Last week as I was trying to squeeze in a blog post for the week, I pulled out my laptop at the dining table while Caitlin did her homework. We were chatting, me kind of chatting, because when the word strikes you, you type, when she stopped and said,
“Mommy, can you stop typing?”
Cue the dreaded mommy guilt.
I get it. I’ve been working a lot since my promotion and this is all new to them and this family as a whole. Especially Caitlin who was born to a mother too damn anxious to do more than one thing at a time. But as she grew, I grew too. I grew into a multi tasker and a writer and a kind of okay cook. I grew to be less anxious, and with time I became braver. All the things that I needed to get me to here. A full time working mom, who is still trying to launch a writing career; run a girl scout troop; be a good wife; and be a kick ass mother. But I can tell she is pretty confused at how her crazy, scatterbrained, fumbling mom, could pull any of that off.
So as the mommy guilt settled in I replied,
“Mommy has homework too”.
I went on to explain that mommy still wants to write stories on her blog. That her new job is important, kind of like school is important for her. But there are still other things that mommy wants to do, and in order to do them, I have homework. Still pushed the laptop to the side and helped her with word problems, which in my opinion are ridiculous. Who cares how many apples Sally has in comparison to Bobby, and who cares if Sally gives them to Issac so how many does Jill have? Tell me that is not an honest assessment of word problems. I helped and discussed and even joked about word problems and we made up a few of our own. Then I gave both girls a bath, and Caitlin read a story to us, and then I read a story to them, and finally when they were asleep and in bed, I picked my laptop back up.
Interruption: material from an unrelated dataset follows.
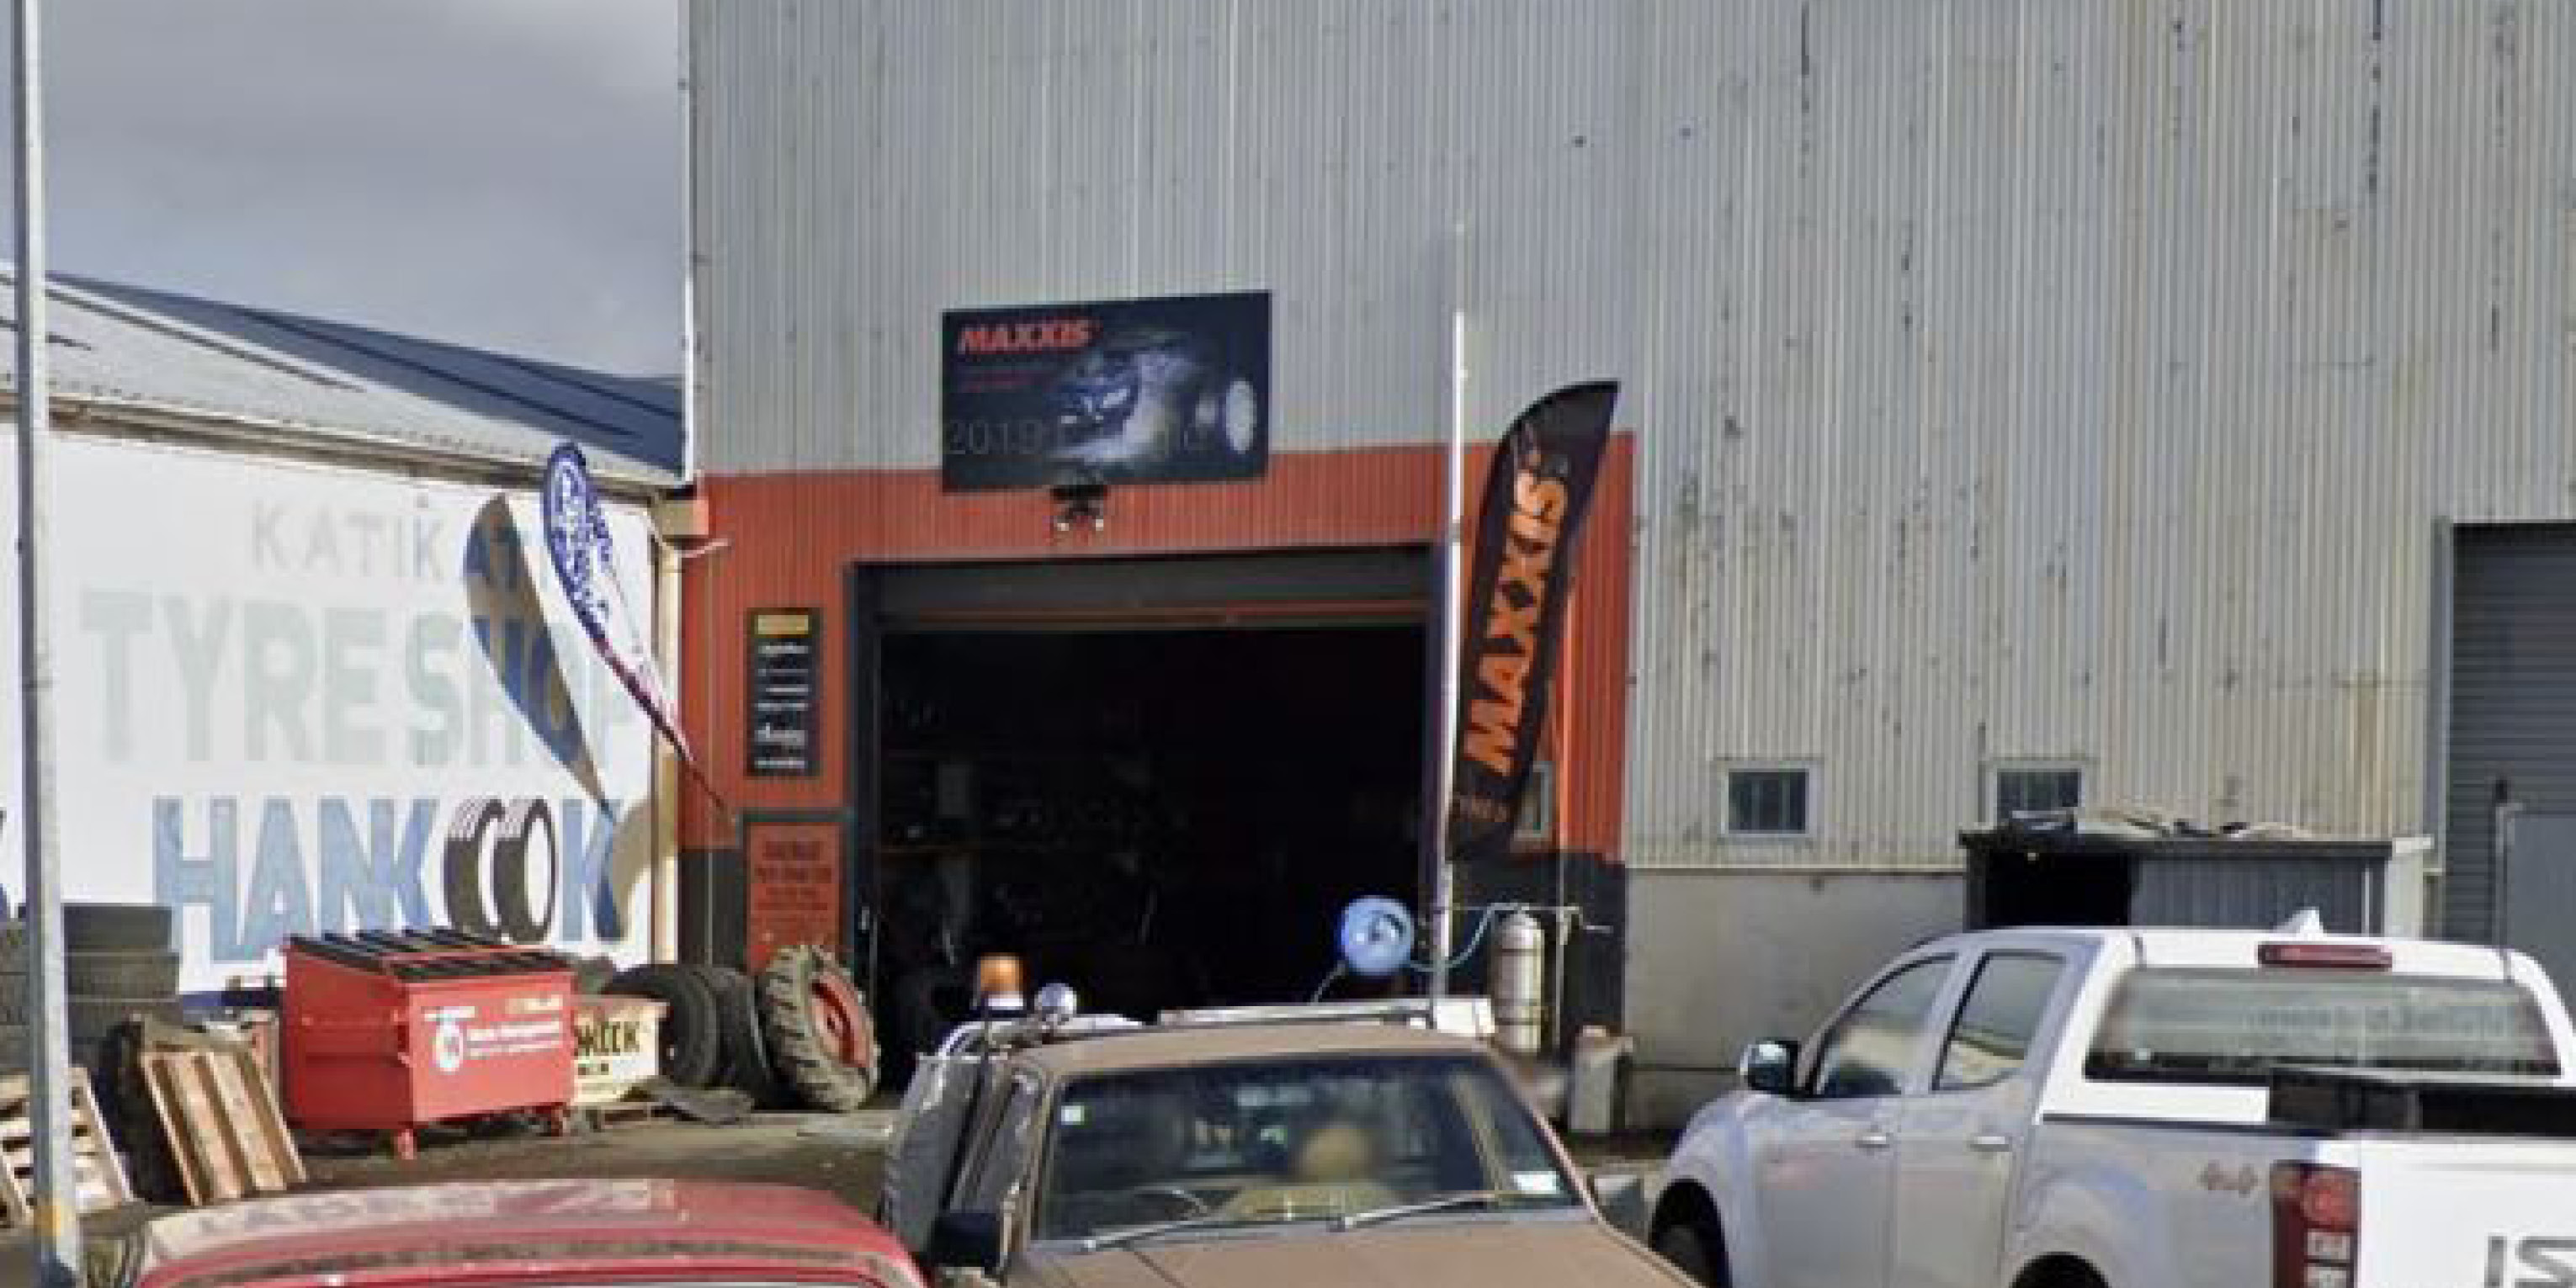 Katikati Tyre Shop

There will always be the internal struggle of am I doing this right, am I devoting enough of me and my time to this mothering life. There will always be that voice in the back of my head that says, “give up this blog”, “you have more important things to do than type away at this keyboard”, but I know, deep down that the voice is wrong. There are a million mothers who work and mother and write or blog or dance or cook or run million dollar empires. That is life. And even if many mothers I know aren’t running million dollar empires, they are running family empires of their own, with brilliant and well rounded children, happy husbands, and sometimes the occasional Etsy shop. Some of them home school, some of them coach dance, some of them volunteer for their churches. Every mother has that internal struggle of how much time can I give, and how much can I take for myself?
A wise friend once told me that taking time for myself would make me a better mother. I can jive with that. There is some truth there. Taking time for yourself is so important. We tend to sacrifice ourselves and our time. Like I’ve written about, I’ve been doing things for motherhood for awhile. But recently I’ve been doing things for me, more and more. In the beginning, this blog was my escape, my therapy, my little slice of Megan. Then it grew into something more. It’s a major accomplishment that I”m still writing it, somewhat daily after almost four years. I’m quite proud of that.
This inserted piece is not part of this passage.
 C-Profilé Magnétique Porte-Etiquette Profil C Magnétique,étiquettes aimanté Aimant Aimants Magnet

But even with pride comes the guilt. The nights I should be doing any number of things, but instead I’m writing. Typing away as the kids play and eat chips and watch terrible television. I recently saw an old episode of Grey’s Anatomy and it was one where Meredith had just adopted Zola. And of course as any new mother knows, holding on to your old life and trying to do you new one is damn right impossible. So there she was, dropping Zola off at Callie and Arizona’s again, and she meets Callie at the door with tears in her eyes. It’s what Callie says that struck me most. She said something like, “no, no, no. Don’t. Don’t do that. It’s good for her to see you work. It’s good for her to see YOU”. That stuck with me. No matter your work, it’s good for your children to see you do it. It shows them that you are more than just mom, you are a person. Kids need to see that. They also need to see that we make mistakes. Because mistakes are okay, as long as we learn from them. So while we may be inundated with guilt, it’s good for them to see us work. It’s good for them to see us commit. It’s good for them to see us fail, to see us get up and try again, to see us work so hard toward that end goal, no matter what it may be.
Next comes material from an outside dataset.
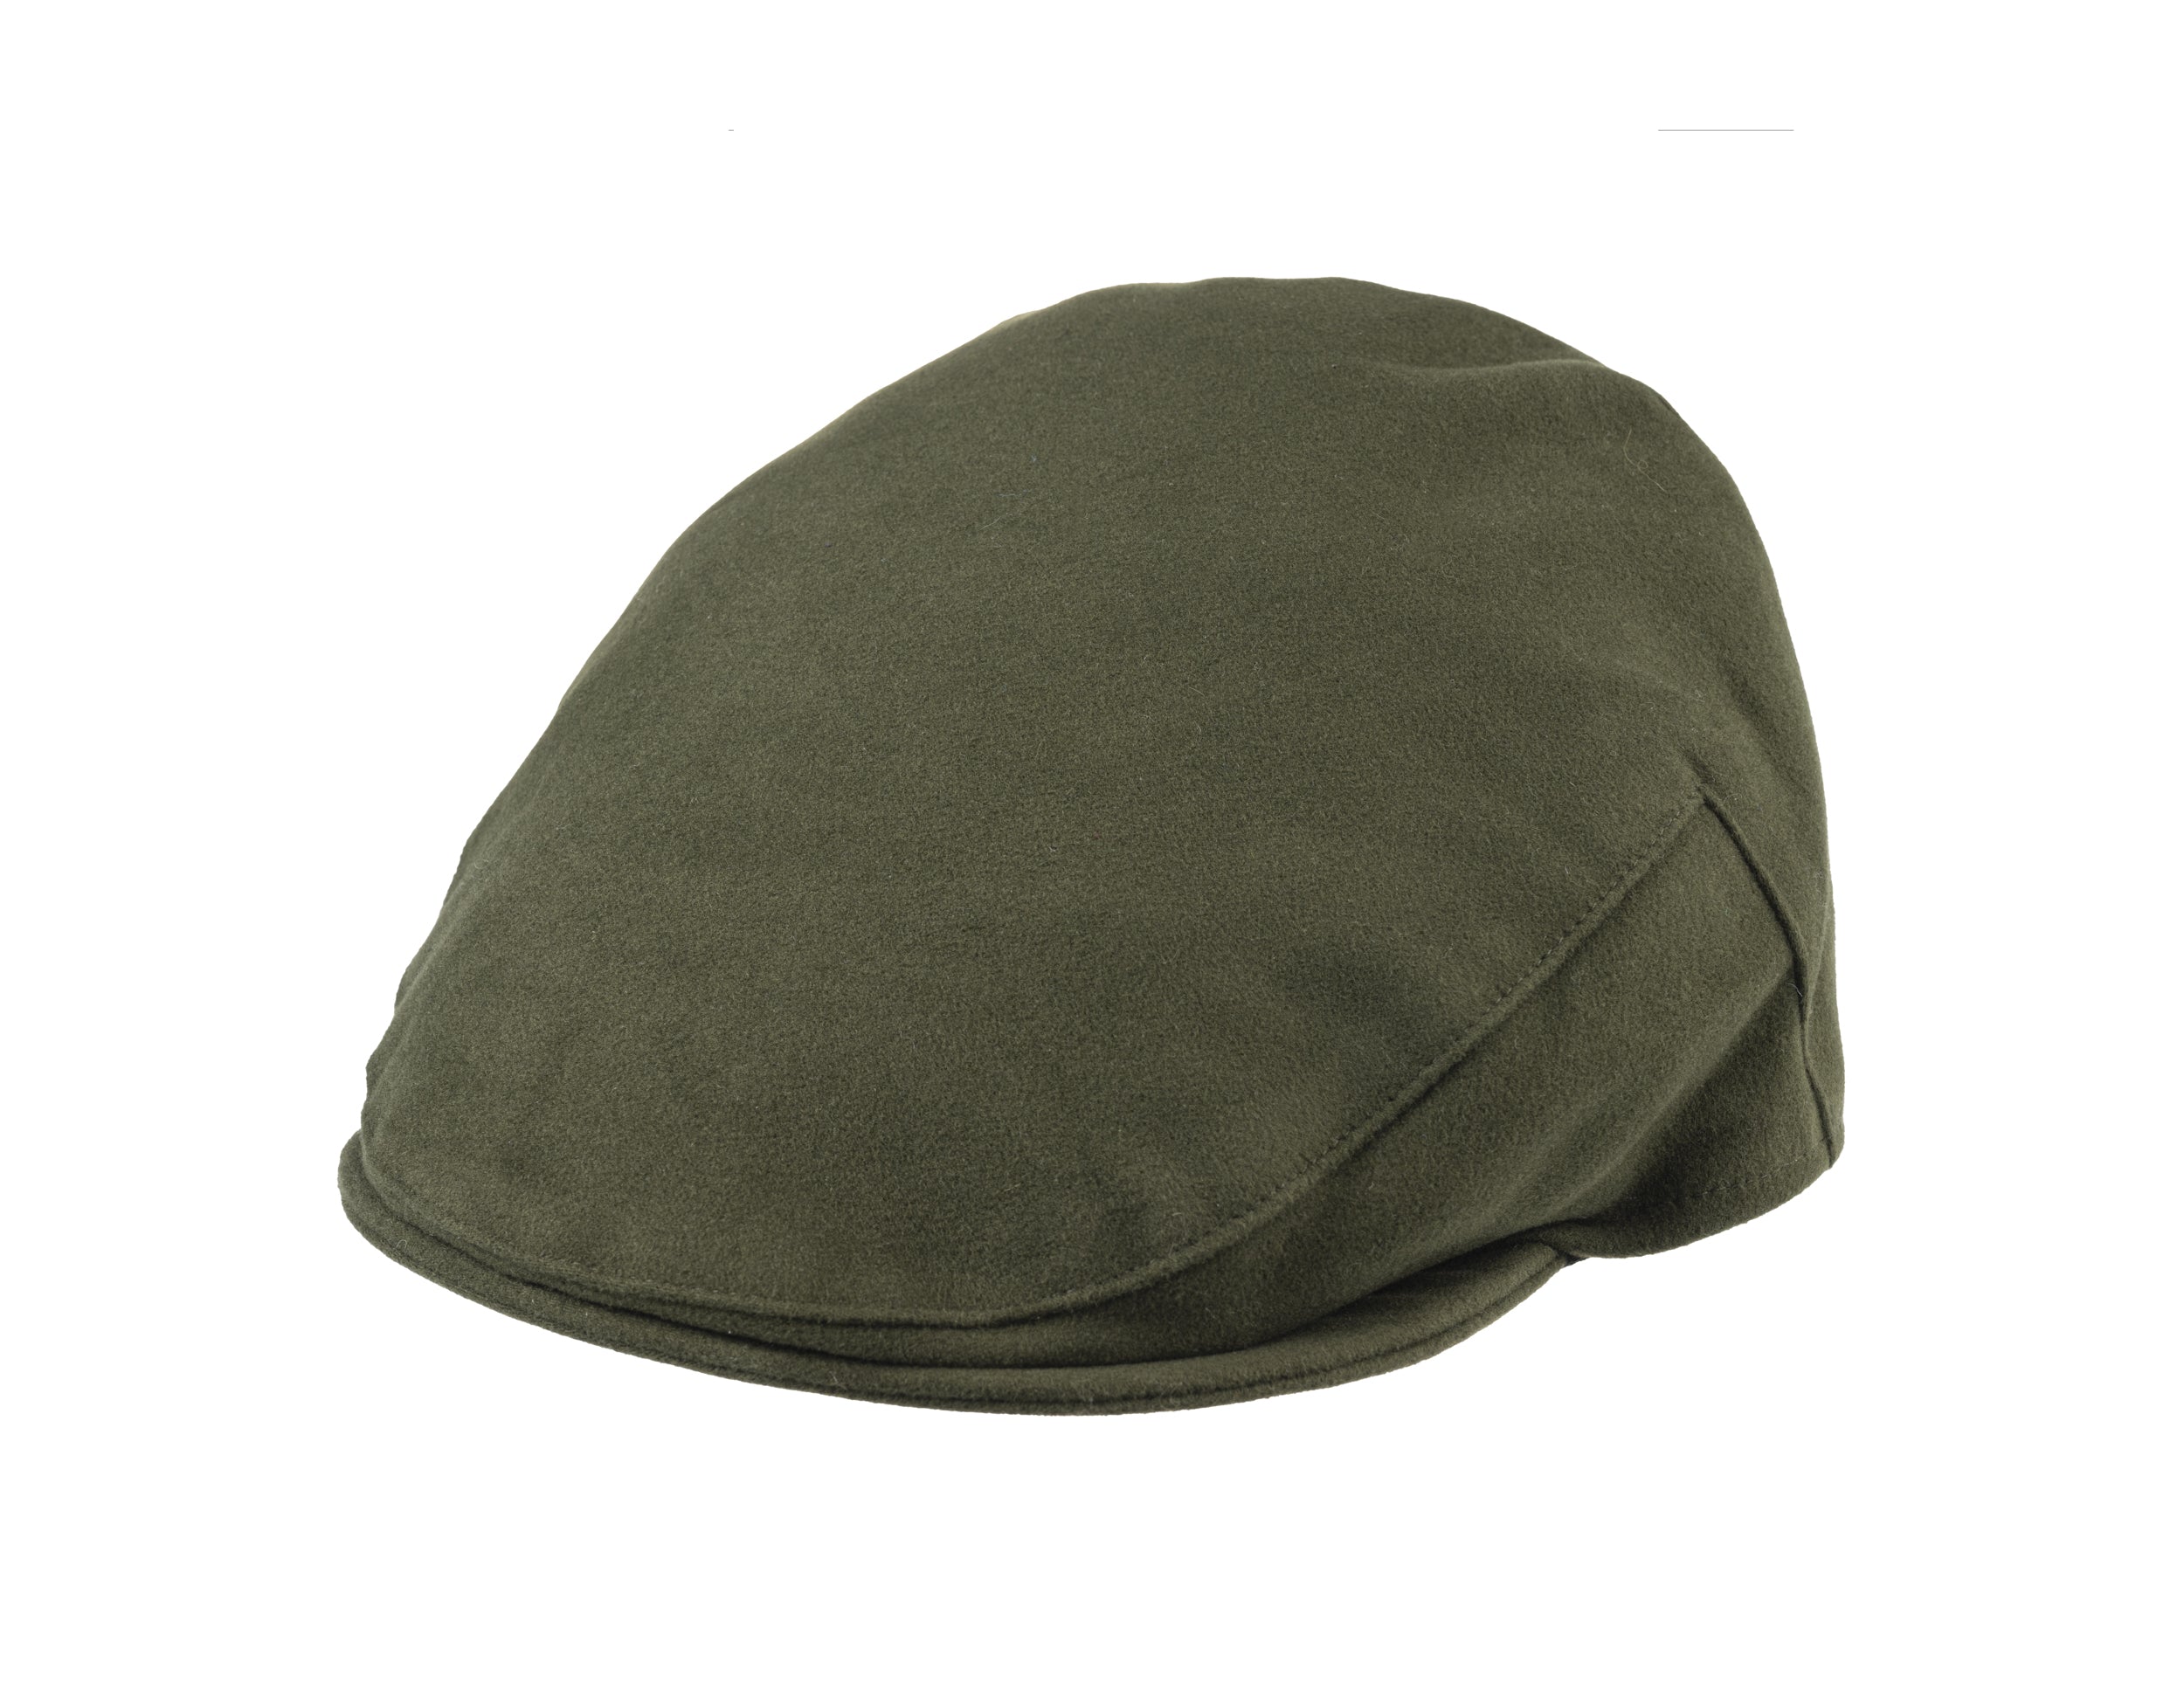 Balmoral moleskin cotton cap in Green

Even today as I try to squeeze in time to write, while the laundry tumbles and the kids eat grilled cheese, I’m working on me. This is my homework. Even if it has little to do with my day job, it has everything to do with my all the time job, which is being a mother. So while I try to eliminate word problems from my life (because I don’t care how many candies Joey has), I’ll keep reminding myself and my girls that mommies have homework too. Because even after all this time, I’m still working on me.